Background information
- Also known as: The Welsh Adonis, Jonboy Langford, Chuck Death, John Fanglord
- Born: 11 October 1957 (age 68) Newport, Wales
- Origin: Leeds, West Yorkshire, England
- Genres: Alternative country; rock and roll; punk rock;
- Occupations: Musician, painter, graphic designer
- Instruments: Guitar, drums
- Years active: 1977–present
- Label: Bloodshot Records
- Member of: The Mekons; Pine Valley Cosmonauts; The Waco Brothers;
- Formerly of: Wee Hairy Beasties; The Three Johns; KatJonBand;
- Website: jonlangford.de

= Jon Langford =

Welsh musician and artist (born 1957)

Jonathan Denis Langford (born 11 October 1957) is a Welsh musician and artist based in Chicago, Illinois, United States.

Langford is a founder member of the punk band The Mekons, the post-punk group The Three Johns, and the alternative country ensembles The Waco Brothers and Pine Valley Cosmonauts.

== Early life ==
Langford was born in Newport, Wales, the youngest son of Kit Langford and Denis Langford, a registered chartered accountant for Lloyd's Brewery and Deloitte & Touche. Langford's older brother is science-fiction author and critic David Langford, who lives in Reading, Berkshire.

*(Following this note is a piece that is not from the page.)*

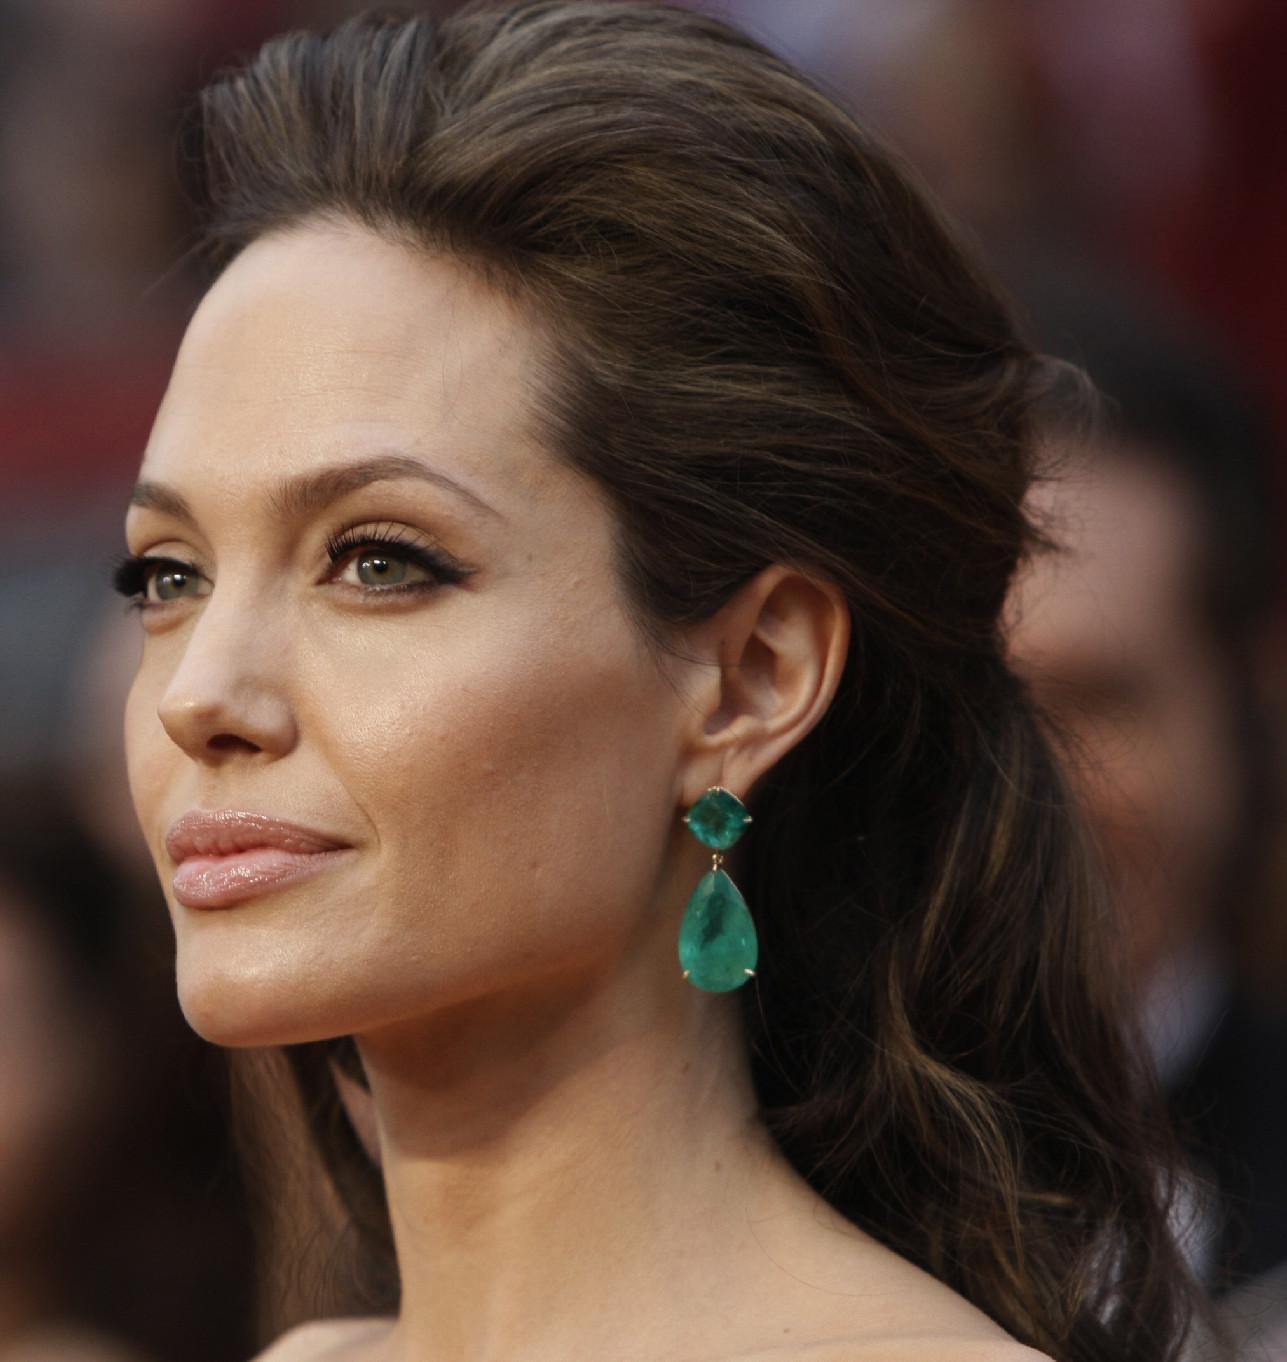 http://4.bp.blogspot.com/_EcYgAOhPYlo/TTuhqMMumFI/AAAAAAAAJkc/-LBvlyR8Aig/s1600/Angelina_Jolie_Emerald_Earrings.jpg

When he was young, Langford would visit his grandparents in Croesyceiliog, whose family friend ran two pubs, the Cambrian Arms and The Six in Hand. He attended Gaer Infants School and Gaer Junior School, then Brynglas Primary School, the Newport High School middle school on Queen's Hill. In 1972–1973, after playing rugby and football, at the age of 15 Langford decided he liked playing music better. He played a lot of David Bowie and was listening to a lot of Man.

Langford attended art school at University of Leeds as a painter. He left school temporarily when The Mekons were founded, but later went back to college and finished his degree.

==Music==
Since the mid-1980s, Langford has been one of the leaders in incorporating folk and country music into punk rock. He has released a number of solo recordings as well as recordings with other bands outside of The Mekons, most notably the Waco Brothers, which he co-founded after moving to Chicago in the early 1990s.

In a 2010 interview, Langford said his earliest influences were Tom Jones, Slade, T. Rex, The Kinks, Johnny Cash, Man and Black Sabbath.

=== The Mekons ===

Langford was originally the drummer for the punk band "The Mekons" when it formed at the University of Leeds in 1977, but he later took up the guitar as other band members left. The Mekons were signed to Virgin Records but according to Langford they "got fired." They played their first United States appearance on New Year's Eve in 1980, gave up live performances for a while, and released 1982's The Mekons Story. They began performing again in public in 1984, playing their first shows as benefits for the British miners' union. After being signed by major American label A&M Records in the late 1980s, label shuffling resulted in the band trying to leave the label. In response, they recorded Curse of the Mekons, which the label refused to release, becoming available in the U.S. only as an import. A documentary called The Revenge of the Mekons was released in 2014 by director Joe Angio. The Mekons continue to record and perform live, as of 2022 and 2026.

===The Three Johns===

With John Hyatt and Phillip Brennan, Langford released several albums of drum-machine-fueled punk between 1982 and 1987. A retrospective box set was released in August 2015. Also, in 1988 Tom Greenhalgh, Langford's colleague in the Mekons, collaborated with members of the Three Johns as the Jelly Bishops to release the five-song EP "Kings Of Barstool Mountain".

=== Dim Subooteyo ===
As "Dim Subooteyo", Brendan Croker and Langford released the album Lakeside (1990, SNAT Records).

=== The Killer Shrews ===
The "Killer Shrews" were a group composed of Langford (lead vocals), Gary Lucas, and Tony Maimone. They released one self-titled album on Enemy Records in 1993.

=== The Waco Brothers ===

The "Waco Brothers" make country-punk music, and are a Chicago-based amalgam of players from the Pine Valley Cosmonauts family and others, who have been recording since 1995, as of 2021. For their first albums, they included Dean Schlabowske (guitar/vocal), Tracey Dear (mandolin/vocal), Alan Doughty (bass/vocal), Mark Durante (pedal steel guitar), and Mekons drummer Steve Goulding). By 2015, Goulding, now based in New York City, had been replaced by Joe Camarillo (drums), and Durante had left. Camarillo died in January 2021, and was replaced by Dan Massey. Jean Cook (violin, vocal) joined in 2020.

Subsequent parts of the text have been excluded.